Help Center/ MapReduce Service/ User Guide (Kuala Lumpur Region)/ Troubleshooting/ Using Kafka/ SparkStreaming Fails to Consume Kafka Messages, and the Message "Couldn't find leader offsets" Is Displayed
Updated on 2022-12-14 GMT+08:00

SparkStreaming Fails to Consume Kafka Messages, and the Message "Couldn't find leader offsets" Is Displayed

Symptom

When SparkStreaming is used to consume messages of a specified topic in Kafka, data cannot be obtained from Kafka. The following error message is displayed: Couldn't find leader offsets.

Possible Causes

  • The Kafka service is abnormal.
  • The network is abnormal.
  • The Kafka topic is abnormal.

Cause Analysis

  1. On Manager, check the status of the Kafka cluster. The status is Good, and the monitoring metrics are correctly displayed.
  2. View the error topic information in the SparkStreaming log.

    Run the Kafka commands to obtain the topic assignment information and copy synchronization information, and check the return result.

    kafka-topics.sh --describe --zookeeper <zk_host:port/chroot> --topic <topic name>

    If information in the following figure is displayed, the topic is normal. All partitions have normal leader information.

    Figure 1 Topic distribution information and copy synchronization information

  3. Check whether the network connection between the client and Kafka cluster is normal. If no, contact the network team to rectify the fault.
  4. Log in to Kafka Broker using SSH.

    Run the cd /var/log/Bigdata/kafka/broker command to go to the log directory.
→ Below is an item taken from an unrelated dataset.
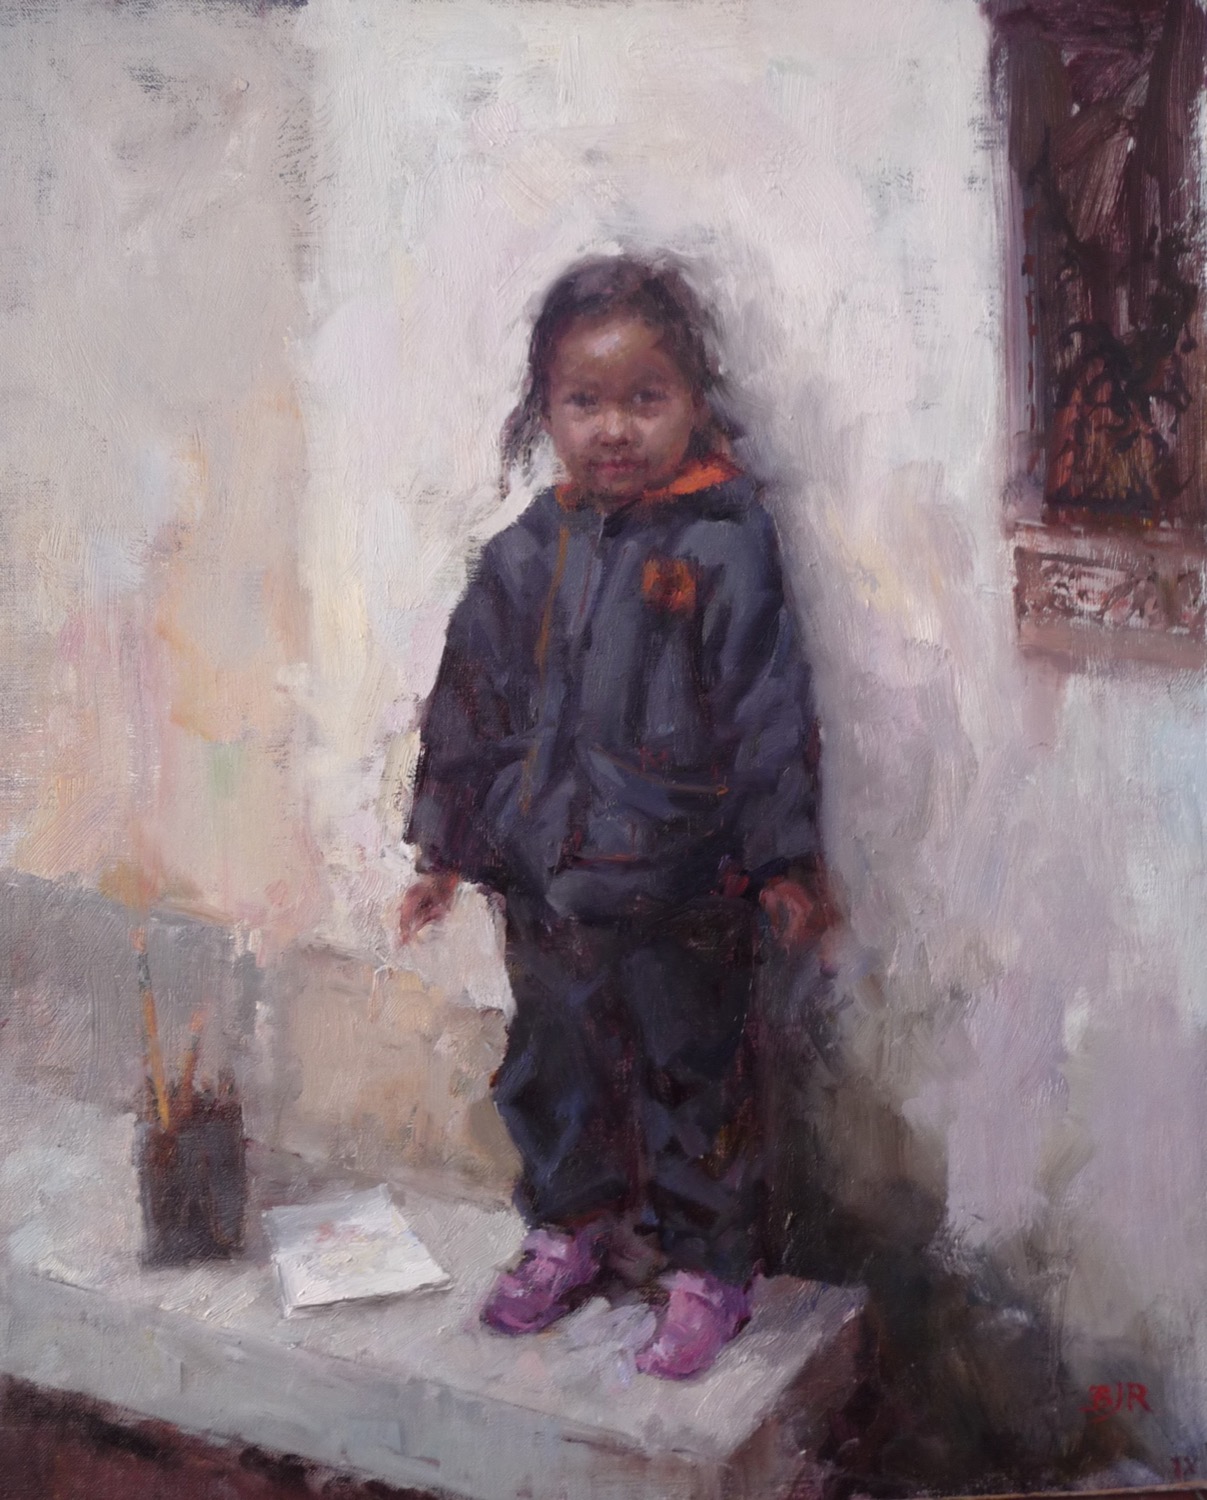 Zoucheng Girl, by Barry John Raybould, 20in x 16in, Oil on Linen, 2010

    Check on server.log indicates that the error message is displayed in the log shown in the following figure.

    2018-05-30 12:02:00,246 | ERROR | [kafka-network-thread-6-PLAINTEXT-3] | Processor got uncaught exception. | kafka.network.Processor (Logging.scala:103) 
    
     java.lang.OutOfMemoryError: Direct buffer memory
     at java.nio.Bits.reserveMemory(Bits.java:694)
     at java.nio.DirectByteBuffer.<init>(DirectByteBuffer.java:123)
     at java.nio.ByteBuffer.allocateDirect(ByteBuffer.java:311)
     at sun.nio.ch.Util.getTemporaryDirectBuffer(Util.java:241)
     at sun.nio.ch.IOUtil.read(IOUtil.java:195)
     at sun.nio.ch.SocketChannelImpl.read(SocketChannelImpl.java:380)

    at org.apache.kafka.common.network.PlaintextTransportLayer.read(PlaintextTransportLayer.java:110)

  5. On Manager, check the configuration of the current Kafka cluster.

    • MRS Manager: Log in to MRS Manager and choose Services > Kafka > Service Configuration. Set Type to All. The value of -XX:MaxDirectMemorySize in KAFKA_JVM_PERFORMANCE_OPTS is 1G.
    • FusionInsight Manager: Log in to FusionInsight Manager. Choose Cluster > Services > Kafka > Configurations > All Configurations. The value of -XX:MaxDirectMemorySize in KAFKA_JVM_PERFORMANCE_OPTS is 1G.

  6. If the direct memory is too small, an error is reported. Once the direct memory overflows, the node cannot process new requests. As a result, other nodes or clients fail to access the node due to timeout.

Solution

  1. Log in to FusionInsight Manager and go to the Kafka configuration page.

    • MRS Manager portal: Log in to MRS Manager and choose Services > Kafka > Configuration.
    • FusionInsight Manager: Log in to FusionInsight Manager. Choose Cluster > Services > Kafka > Configurations.

  2. Set Type to All, and search for and change the value of KAFKA_JVM_PERFORMANCE_OPTS.
  3. Click Save Configuration and select Restart the affected services or instances. Click OK to restart the services.